I stayed focused on seeing, feeling, sensing, for easily 25 minutes. Near the end of my walk I realized that I was losing my ability to stay focused on what was in front of me. I’d been thinking about what I needed to write, about curating the photos I’d been taking, wondering if I could escape down the shore one of these days. That was the point when I checked the time and saw I’d been out there for my usual 30 minutes, but nothing about it felt ‘usual’. I hadn’t even realized how much time had passed. In any case, I think there is a lot here that could be useful if I can figure out how to make it work for me. Huh.
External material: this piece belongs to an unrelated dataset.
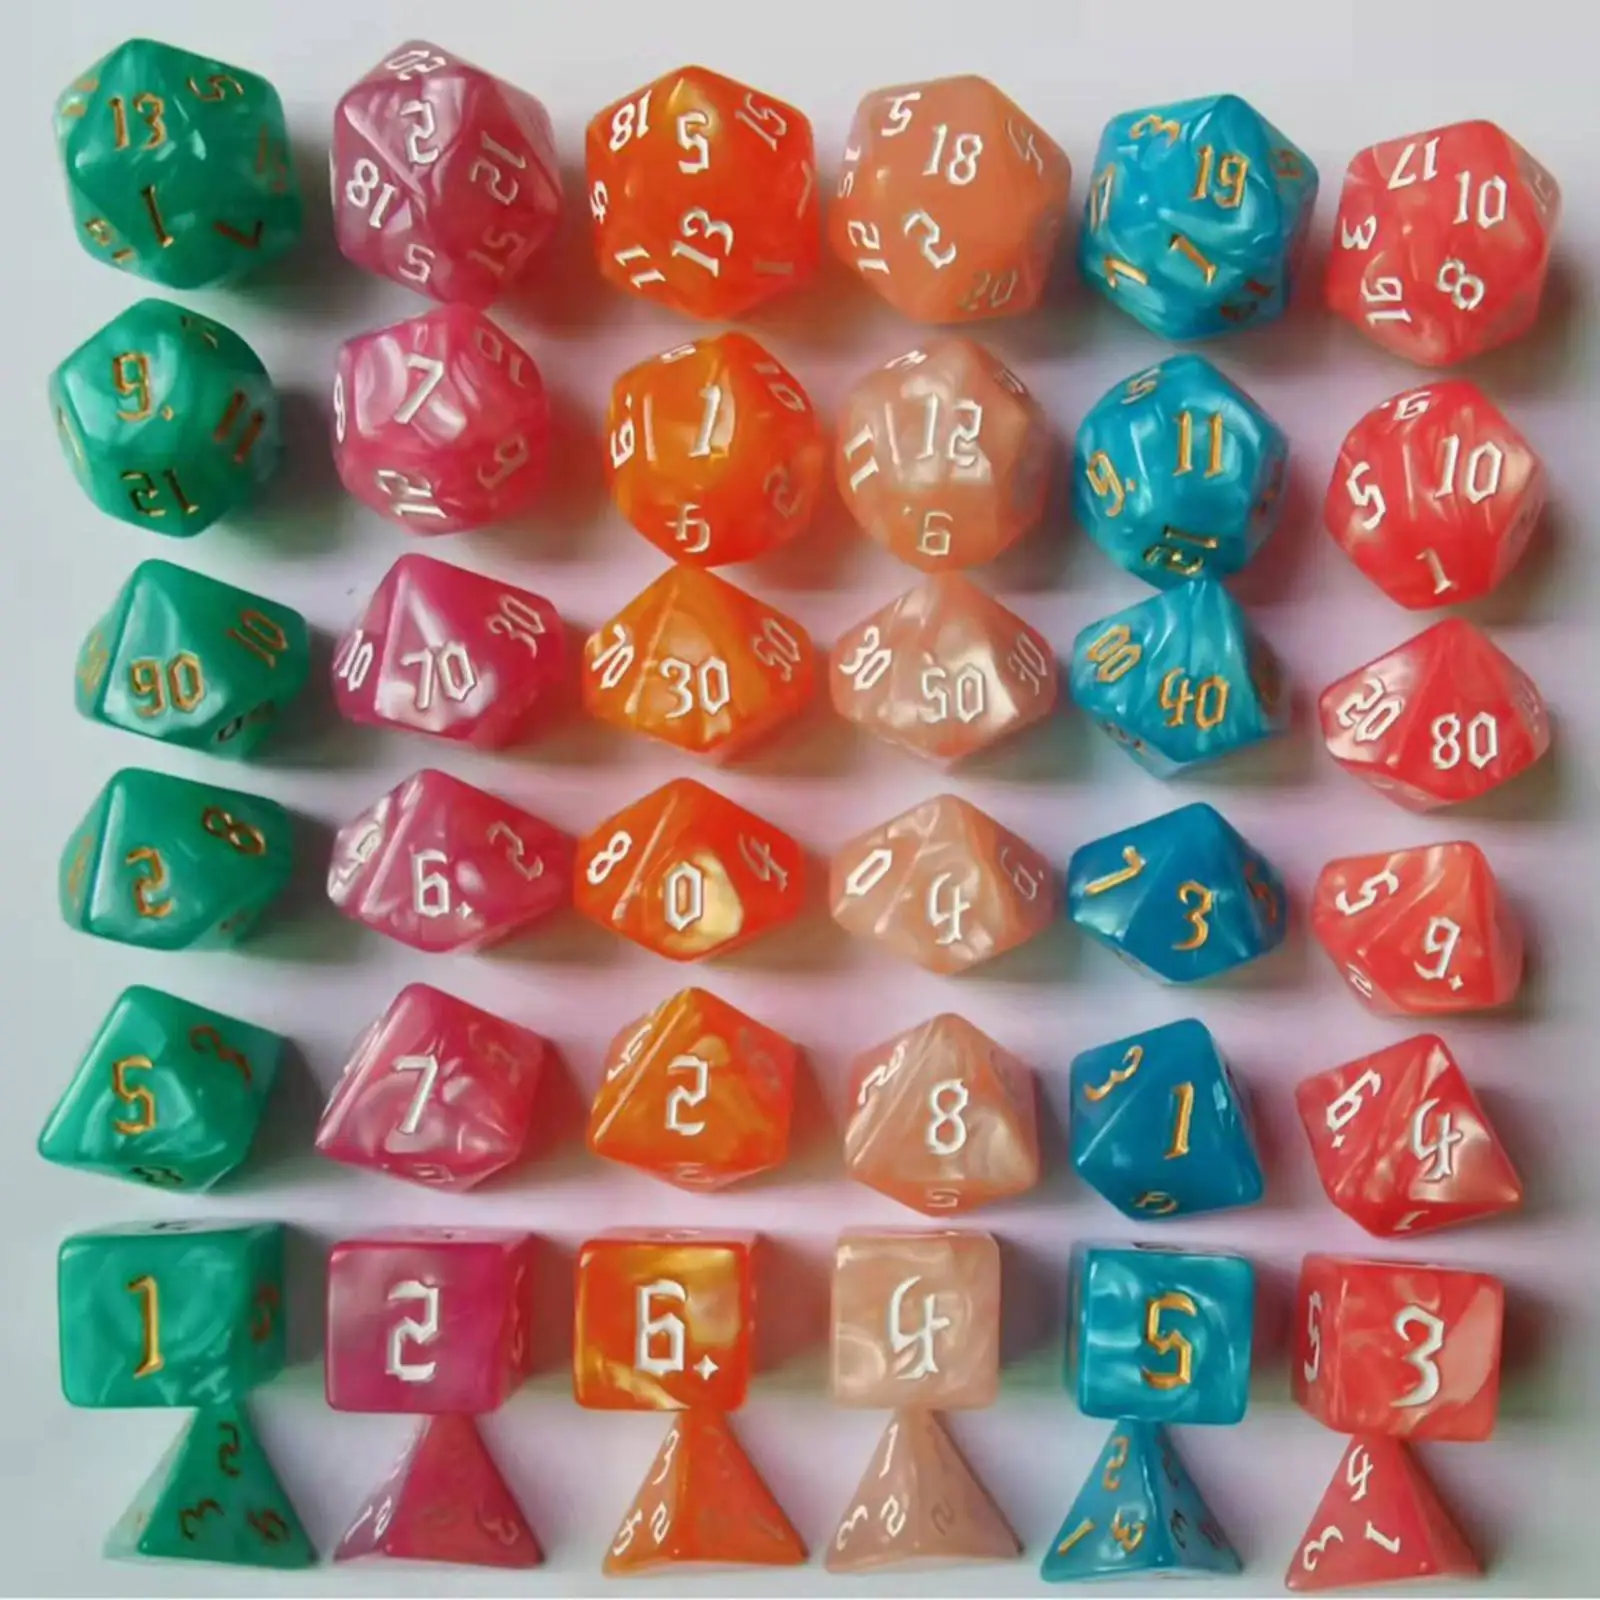 42x Acrylic Polyhedral Dices Set D4 D6 D8 D10 D12 D20 Multi Sided Dice Math Teaching Aids for DND RPG Games Puzzle Games Craft 
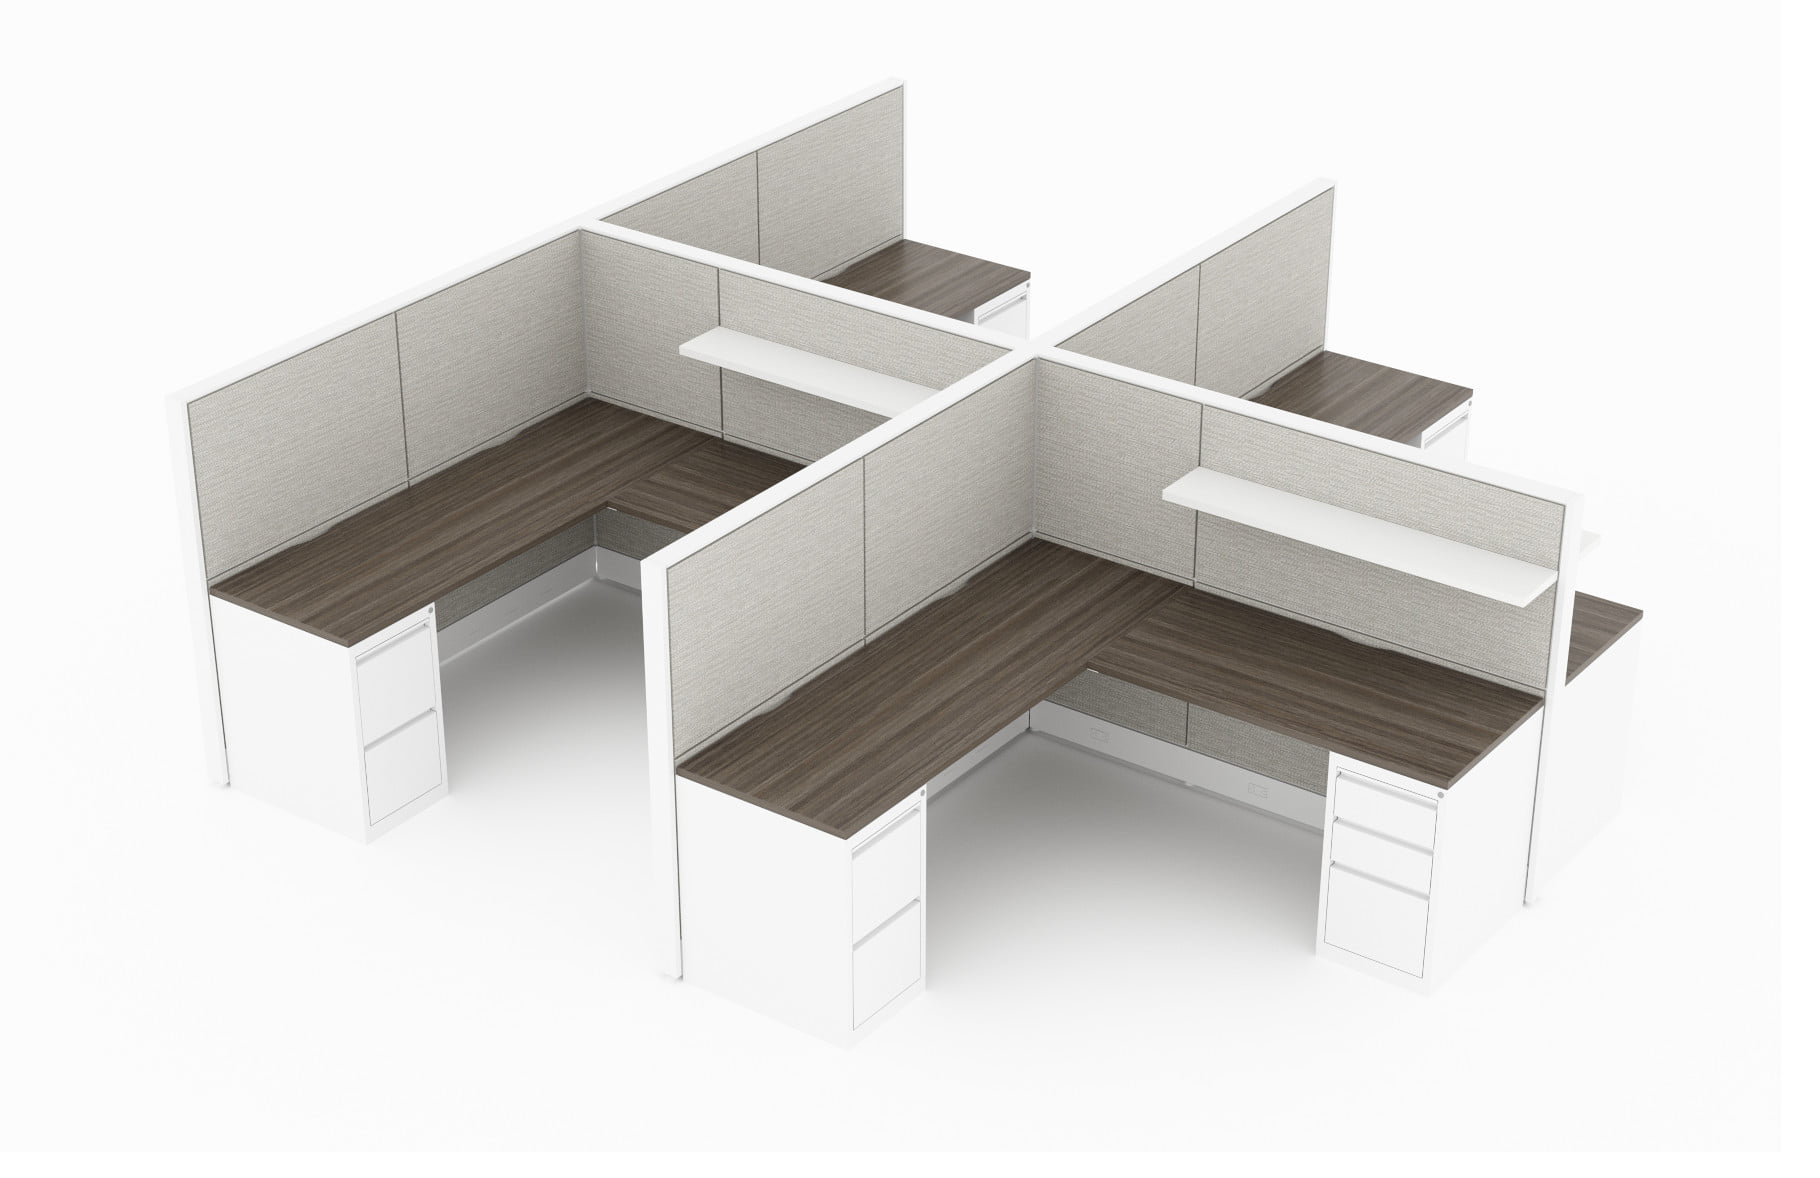 4-Person set of L-shaped workstations, with end paneling. Mobile pedestal drawers are underneath each side of each work area. A small wide shelf is mounted on the paneling that separates facing workstations. It is rendered on a white background. Model is EV511.

There may be something TO this mindfulness thing. *smile*
red leaf in grass

Watermelon Radish

watermelon radishes

I was searching all over for the White Balsamic Vinegar that I like – Bellino Italian White Vinegar. I went to Shop Rite, Whole Foods, Wegman’s, Stop & Shop, Trader Joe’s, and even, as a long shot, Walmart. I was prepared to find it online when Shop Rite returned it to the shelves. Yay!!! As is my wont, I did check out the fresh produce in many of those stores – you never know what will look appealing and special. I was in Whole Foods when I saw “Watermelon Radishes“. I LOVE radishes and snack on them all the time. I’ve found the large organic ones are almost sweet as well as tart and crunchy. I’d never heard of a watermelon radish. I did what you would do – pulled out my phone and did a search. 🙂 I bought 4 of them. They are indeed an absolutely gorgeous color inside. The ones I had were a bit firmer and perhaps less flavorful than some of the regular red-and-white radishes, but they were still very tasty. I munched on one as a snack, and tossed the others into a green (and now pink) salad. For your viewing pleasure, and as a suggestion for enjoyment if you encounter them in your store, ladies and gentlemen, I give you the Watermelon Radishes!